All serum samples underwent a liquid-solid transformation on the substrate, and then LIBS spectra were collected. The ordered microarray silicon substrate (OMSS) was utilized in this work, which has been described in detail in our previous work [21]. Figure 1(b) shows the process of the liquid-solid transformation involved, adding 10 µL of serum drops to OMSS, and then placing it on the 40 °C heating table for 1 minute to dry to solid.
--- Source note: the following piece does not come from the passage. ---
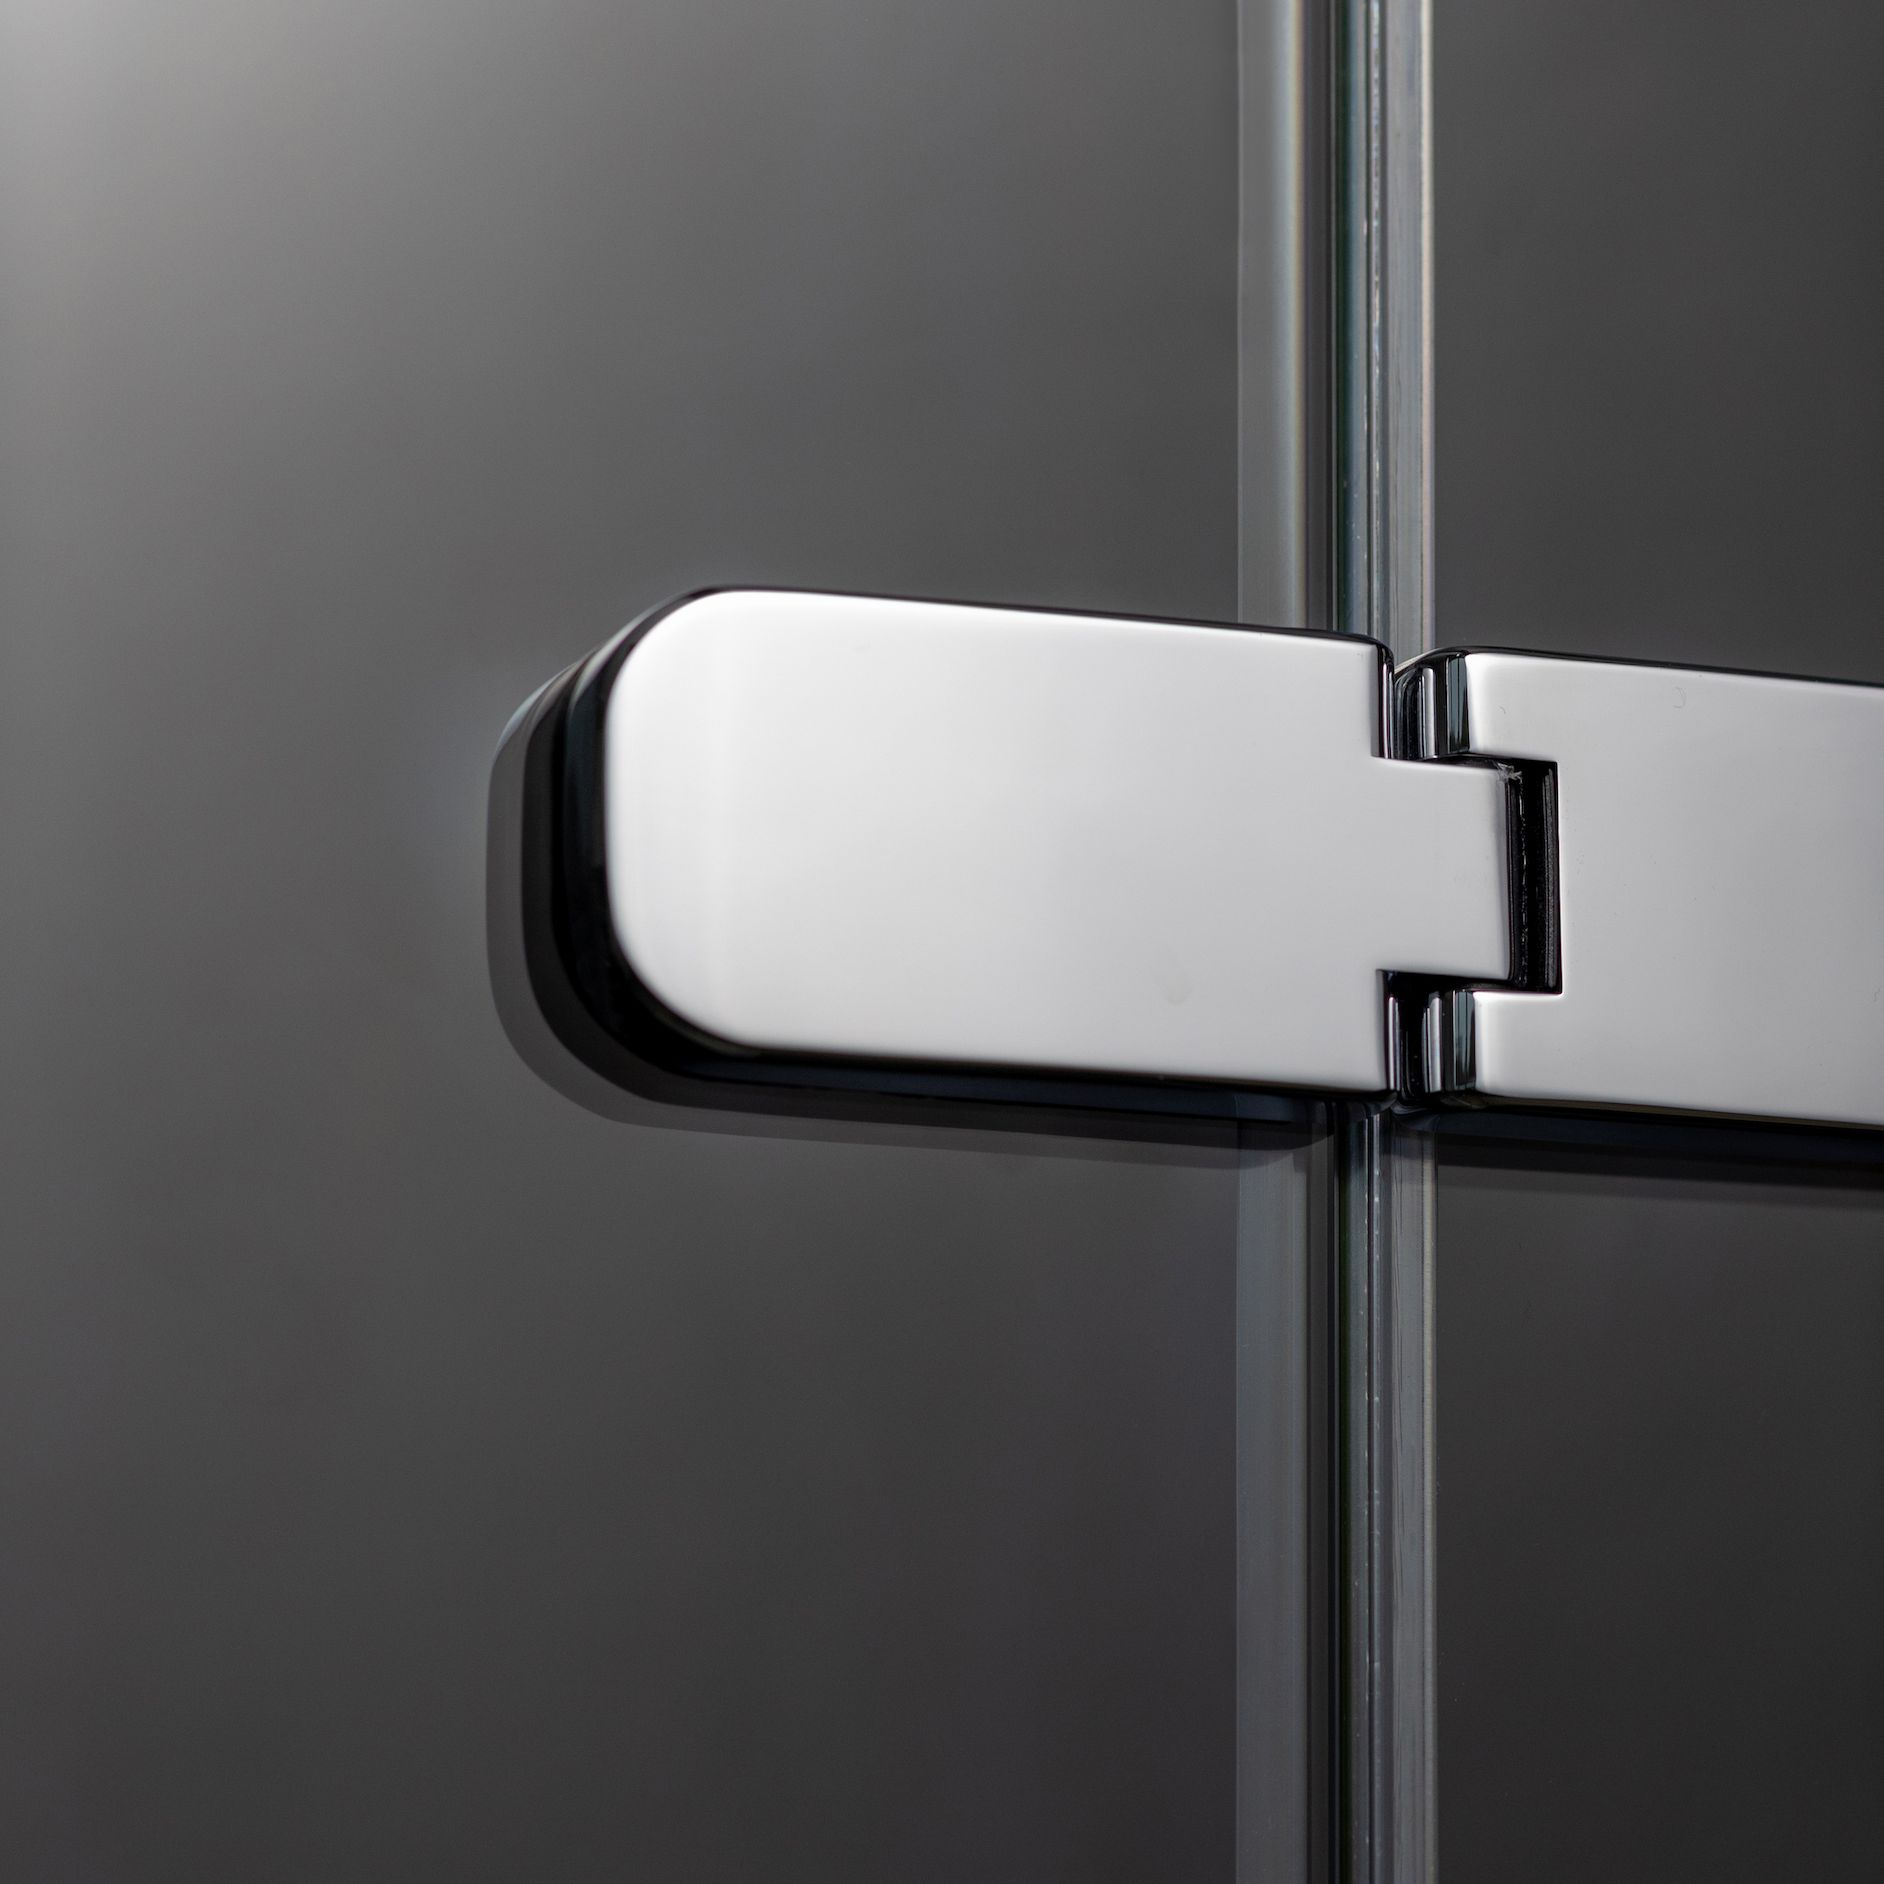 Curved hinge detailing - another modern design treatment to add to the overall clean lines of your ORO shower.

Figure 1(b) shows the laser scan mode for one sample, within a sample area, the laser scans a total of 90 points in a 9 × 10 grid, with every 3 rows forming a scanning region, and a total of three scanning regions. During data collection in these three regions, the acquisition parameters of the broadband spectrometer remain consistent, while the wavelength range of data collection for the narrowband spectrometer varies. Region 1 corresponds to the Zn collection area, where the narrowband spectrometer captures data from 213 nm to 219 nm, Region 2 is the Fe collection area with a wavelength range of 235 nm to 241 nm, and Region 3 is the Cu collection area, capturing data from 324 nm to 329 nm. Other parameters of the narrowband spectrometer remain unchanged, except for the differing wavelength ranges. In each region, using the “accumulate” function, compiling the spectra from 15 points into one spectrum. Each sample resulted in six constant element spectra and two spectra each for trace elements Zn, Fe, and Cu. Then the spectra from the three regions were averaged (for major elements spectra) or merged (for trace elements spectra). Using this collection method, a total of 344 spectra were obtained from the broadband spectrometer and 344 spectra from the narrowband spectrometer. Among them, each sample consists of 4 spectra, with 2 spectra from the broadband spectrometer and 2 spectra from the narrowband spectrometer.

2.3 Algorithm description

Random forest (RF) is an ensemble learning algorithm used for classification and regression problems. It builds multiple decision trees and introduces randomness in feature and data selection, enhancing stability and accuracy. Ultimately, the predictions from multiple decision trees are combined through voting or averaging to synthesize the final prediction result. RF is widely utilized in classification and recognition applications of LIBS, such as tumor detection, food adulteration identification, and bacterial detection [25].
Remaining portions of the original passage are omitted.